FASB Summary of March 21, 2001 Board Meeting Discussion

FASB: Summary of March 21, 2001 Board Meeting Discussion

Derivatives Implementation Group

Summary of March 21, 2001 Board Meeting Discussion on Statement 133 Implementation Issues

Financial instruments: derivatives implementation. At its March 21, 2001 meeting, the Board decided not to object to the staff's issuing guidance in a question-and-answer format (Q&A) for the following twenty-two Implementation Issues regarding FASB Statement No. 133, Accounting for Derivative Instruments and Hedging Activities:

Issue A17

Contracts That Provide for Net Share Settlement

Issue B32

Application of Paragraph 15(a) regarding Substantial Party to a Contract

Issue B33

Applicability of Paragraph 15 to Embedded Foreign Currency Options

Issue C10

Can Option Contracts Qualify for the Normal Purchases and Normal Sales Exception

Issue C11

Interpretation of Clearly and Closely Related in Contracts That Qualify for the Normal Purchases and Normal Sales Exception

Issue C12

Interpreting the Normal Purchases and Normal Sales Exception as an Election

Issue E14

The Shortcut Method and the Provisions That Permit the Debtor or Creditor to Require Prepayment

Issue E15

Continuing the Shortcut Method after a Purchase Business Combination

Issue E16

Application of the Shortcut Method for an Interest Rate Swap-in-Arrears

Issue E17

Designating a Normal Purchase Contract or a Normal Sales Contract as the Hedged Item in a Fair Value Hedge or Cash Flow Hedge

Issue E18

Designating A Zero-Cost Collar with Different Notional Amounts As a Hedging Instrument

Issue E19

Methods of Assessing Hedge Effectiveness When Options Are Designated as the Hedging Instrument

Issue F8

Hedging Mortgage Servicing Right Assets Using Preset Hedge Coverage Ratios

Issue G16

Designating the Hedged Forecasted Transaction When Its Timing Involves Some Uncertainty within a Range

Issue G17

Impact on Accumulated Other Comprehensive Income of Issuing Debt with a Term That Is Shorter Than Originally Forecasted

Issue G18

Impact on Accumulated Other Comprehensive Income from Issuing Debt at a Date That Is Not the Same as Originally Forecasted

Issue G19

Hedging Interest Rate Risk for the Forecasted Issuances of Fixed-Rate Debt Arising from a Rollover Strategy

Issue H14

Offsetting a Subsidiary's Exposure on a Net Basis in Which Neither Leg of the Third-Party Position Is in the Treasury Center's Functional Currency

Issue H15

Hedging a Forecasted Foreign Currency Transaction That Becomes Recognized

Issue J15

Pre-Existing Hedge Ineffectiveness of a Derivative

Issue J16

Effect of a Transition Adjustment Included in Accumulated Other Comprehensive Income on the Application of Paragraph 30

Issue J17

Is a Pre-Existing Foreign Currency Hedge Related to an Intercompany "Firm Commitment" a Fair-Value-Type Hedge or a Cash-Flow-Type Hedge?

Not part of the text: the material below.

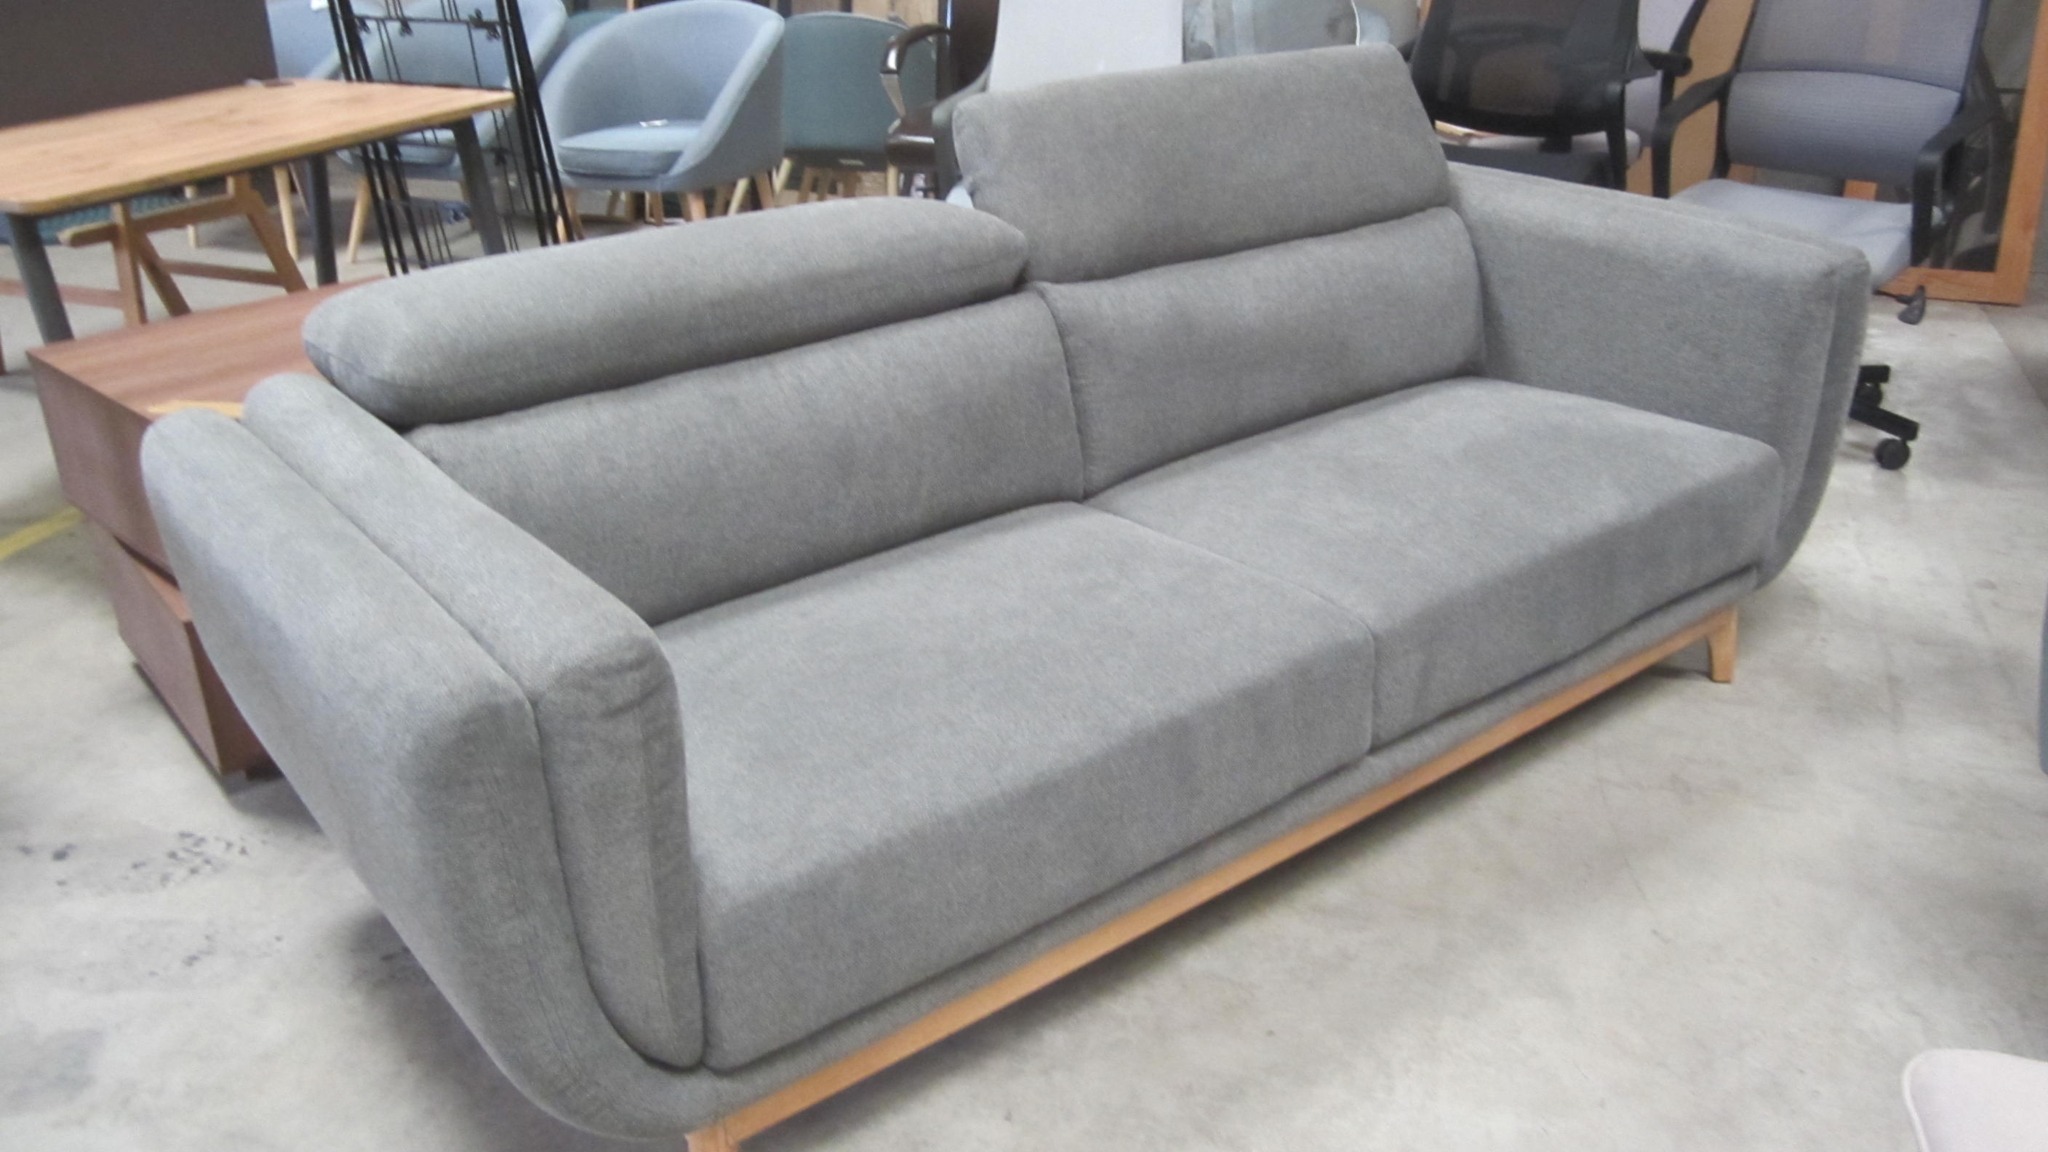 4 pers. design sofa

The Board decided to modify the guidance in Implementation Issue C10 to indicate that a forward contract that contains optionality features that would result in the contract in its entirety being considered a net written option under paragraph 20(c)(1) of Statement 133 may qualify for the normal purchases and sales exception if the optionality relates only to the price of the asset to be delivered under the purchase or sale contract. However, such contracts containing optionality that could result in modifying the quantity of the asset to be delivered under the purchase or sale contract may not qualify for the normal purchases and sales exception.

The tentative guidance in the above twenty-two Implementation Issues was the outgrowth of discussions by the Derivatives Implementation Group (DIG) and had been posted on the FASB website since January 21, 2001.

The Board also discussed Derivatives Implementation Group Agenda Item No. 14-3, "Normal Purchases and Sales Exception in the Electric Industry for Capacity Contracts Including Contracts That May Have Some Characteristics of Purchased and Written Options." The Board's discussion indicated insufficient support for creating a special exception that would enable option contracts for the purchase or sale of electricity to be eligible to qualify for the normal purchases and sales exception.